Your task: Print exactly and only the lines that run from the one containing "6AM Run Vitamin" through the end of the material, please, omitting pictures.

Material provided:
____
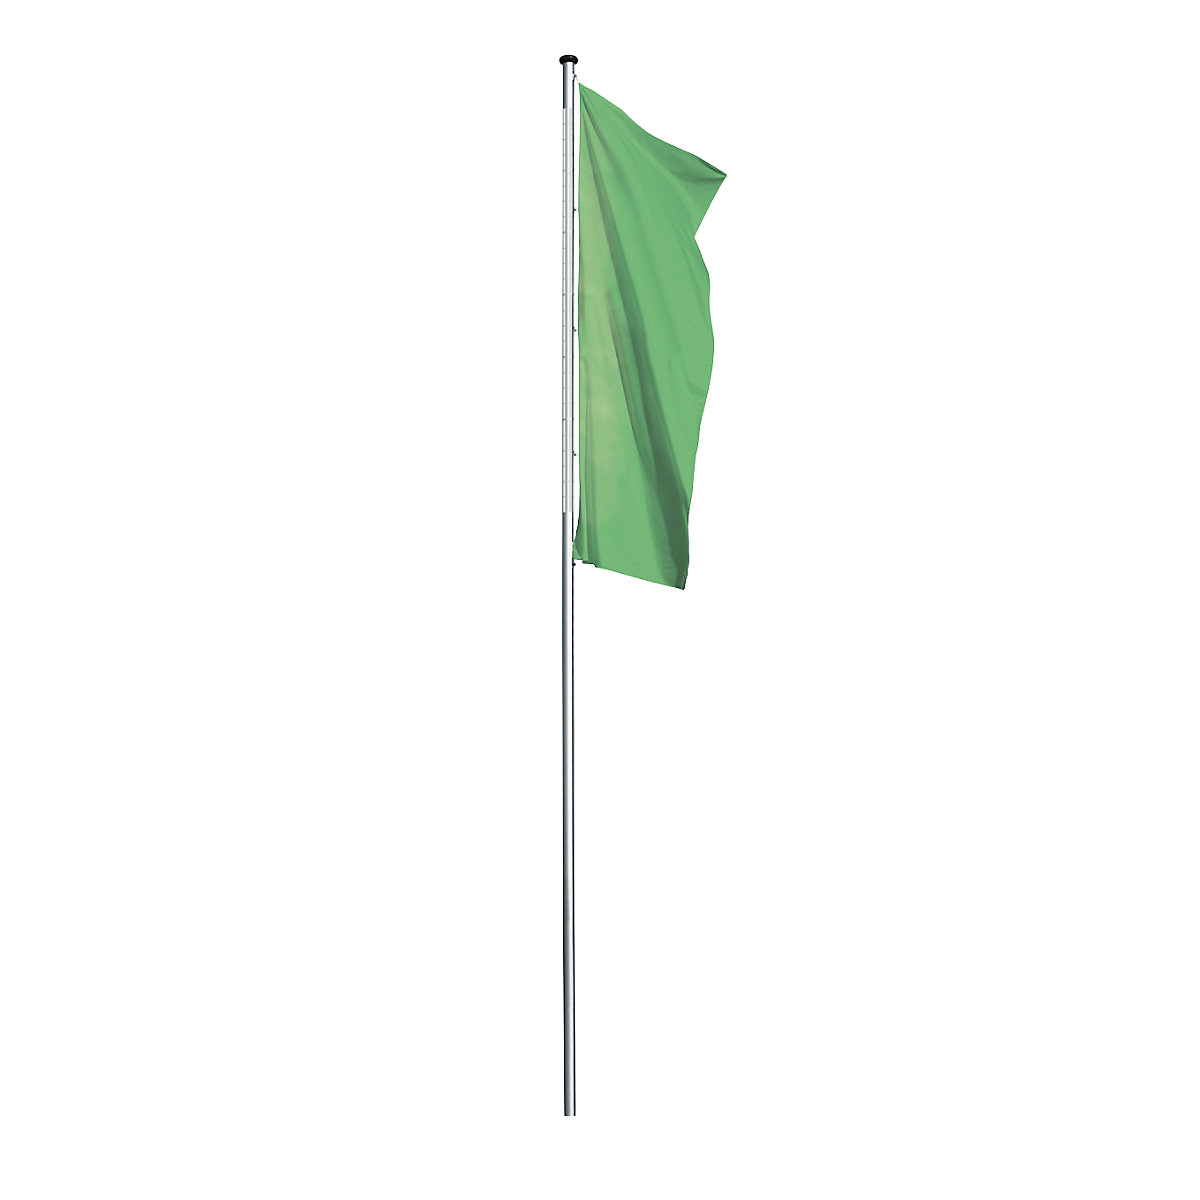 Aluminium flag pole, illuminated – Mannus
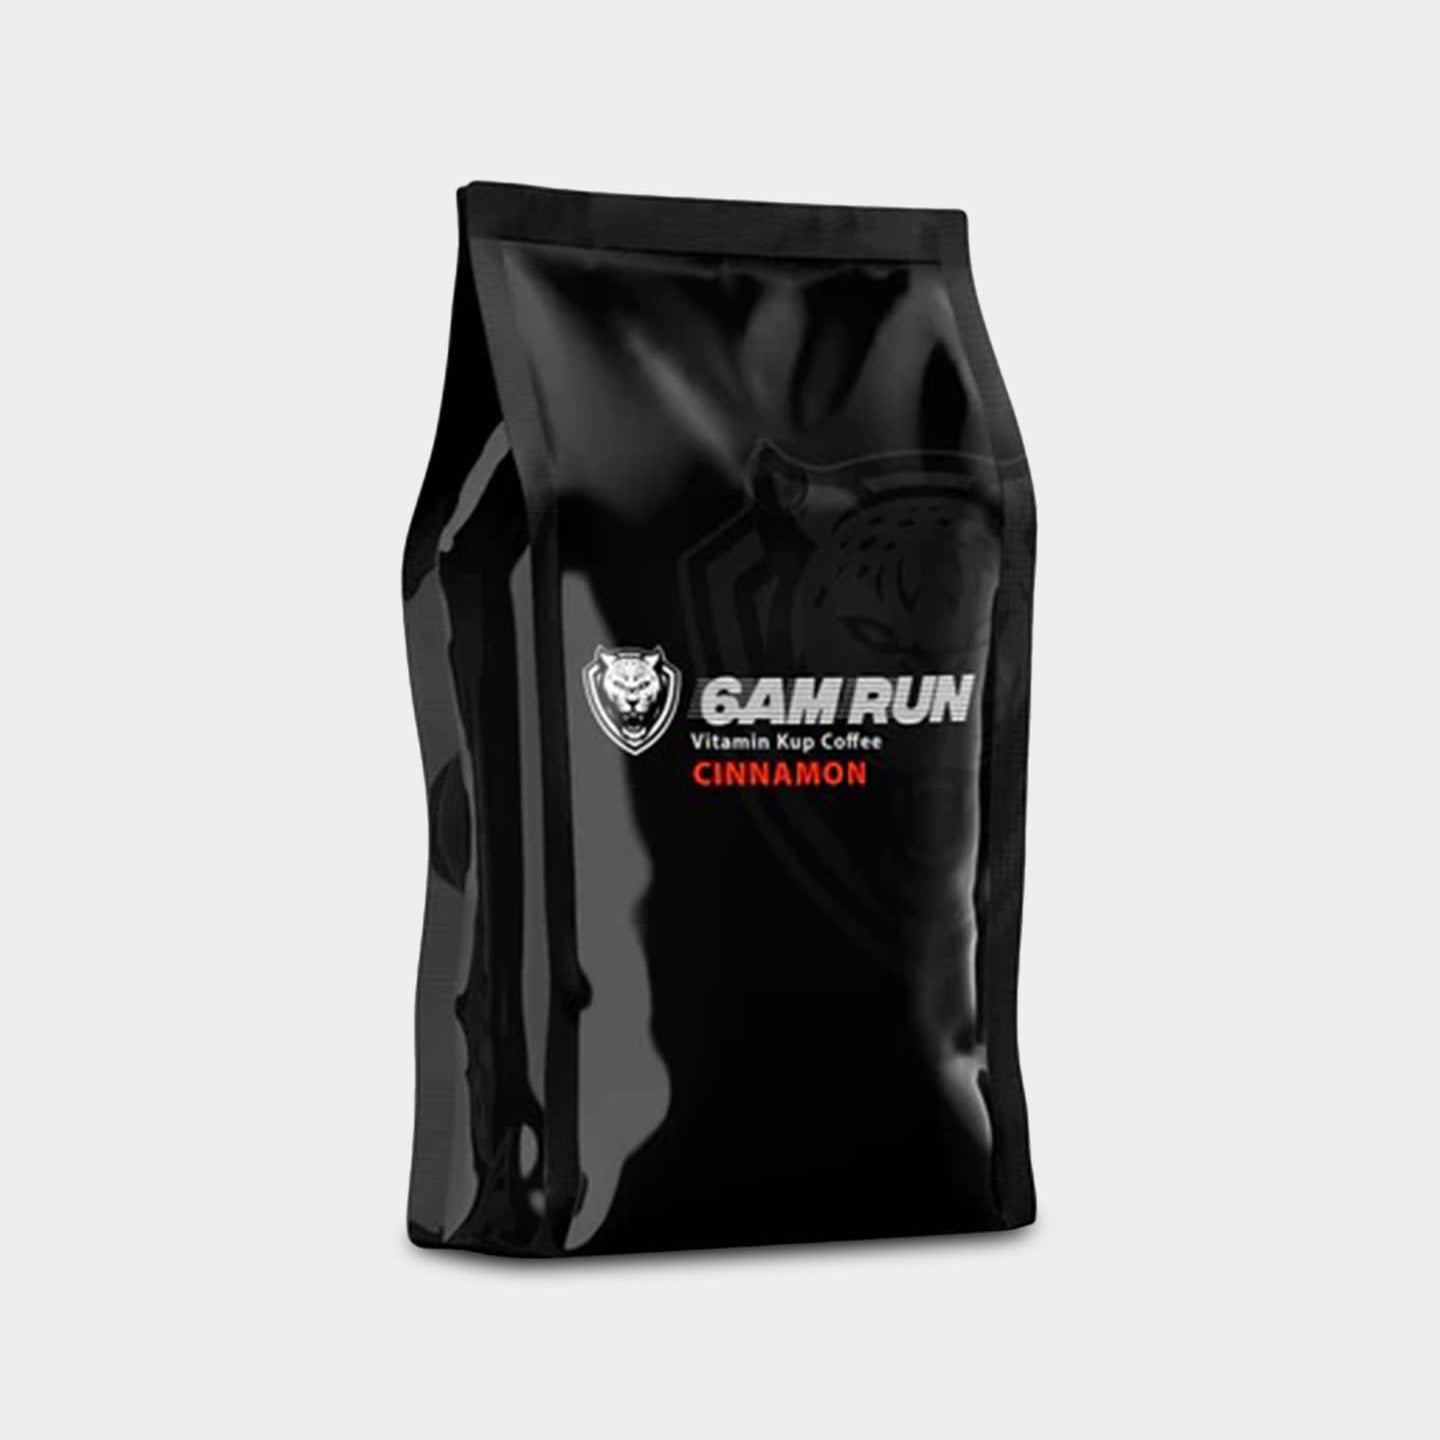 6AM Run Vitamin Coffee, Cinnamon Brew, 1lb A1
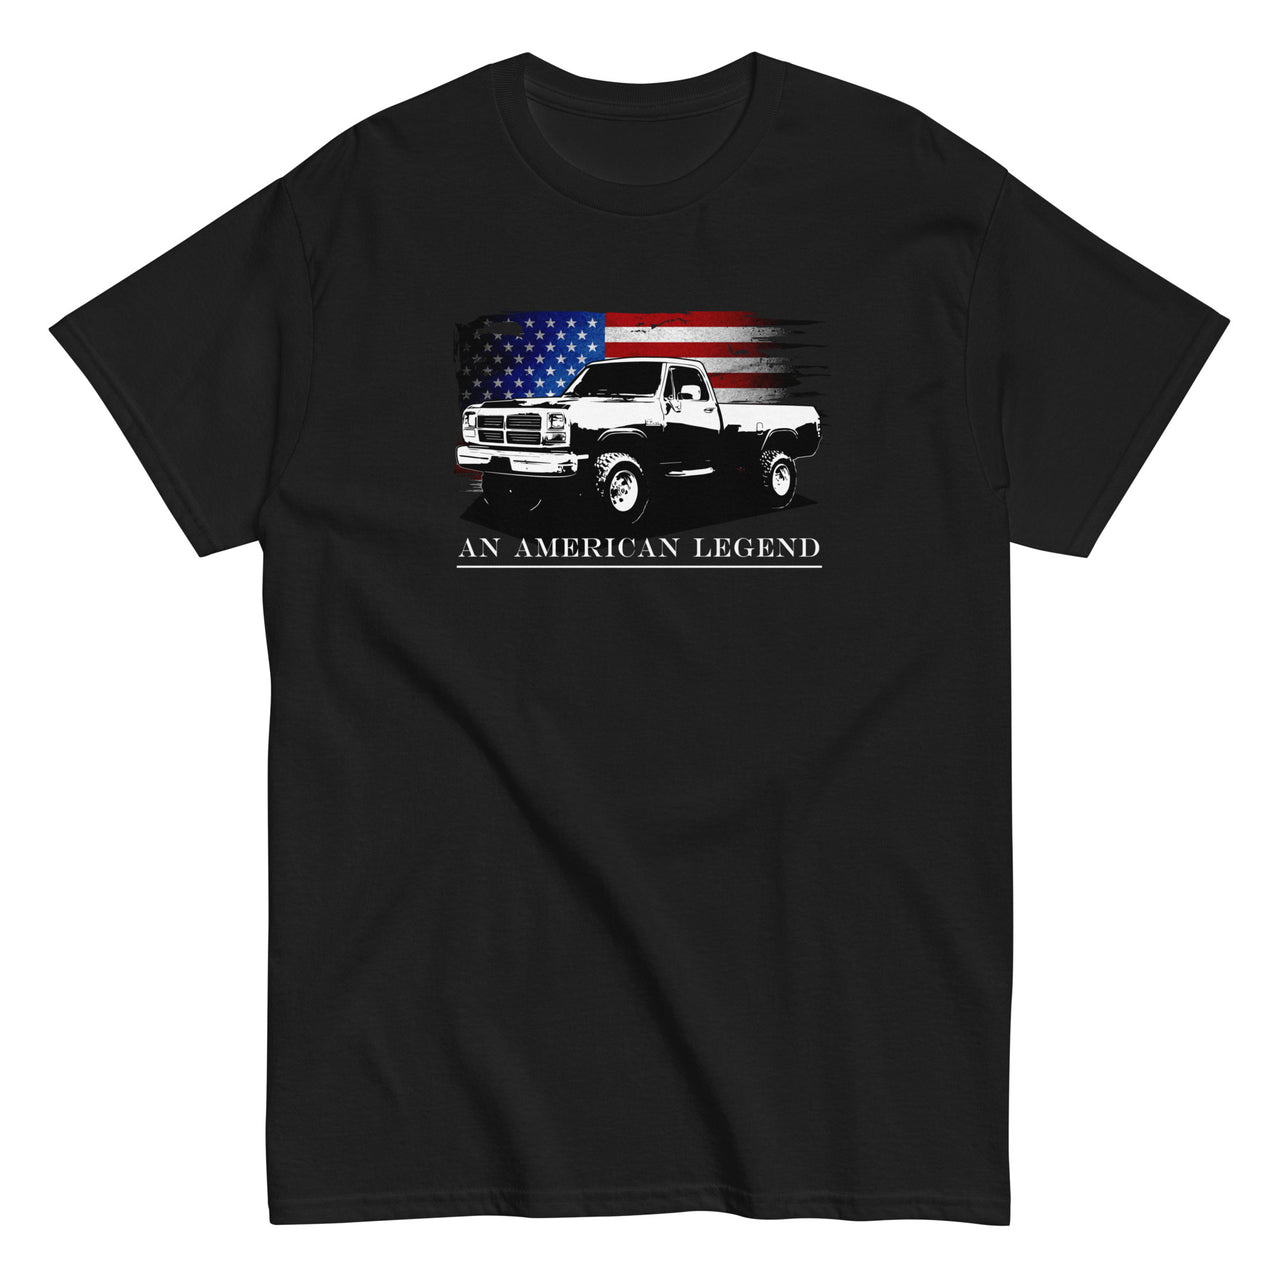 First Gen Dodge Ram American Legend T-Shirt in black
____
Written reply:
 6AM Run Vitamin Coffee, Cinnamon Brew, 1lb A1
 First Gen Dodge Ram American Legend T-Shirt in black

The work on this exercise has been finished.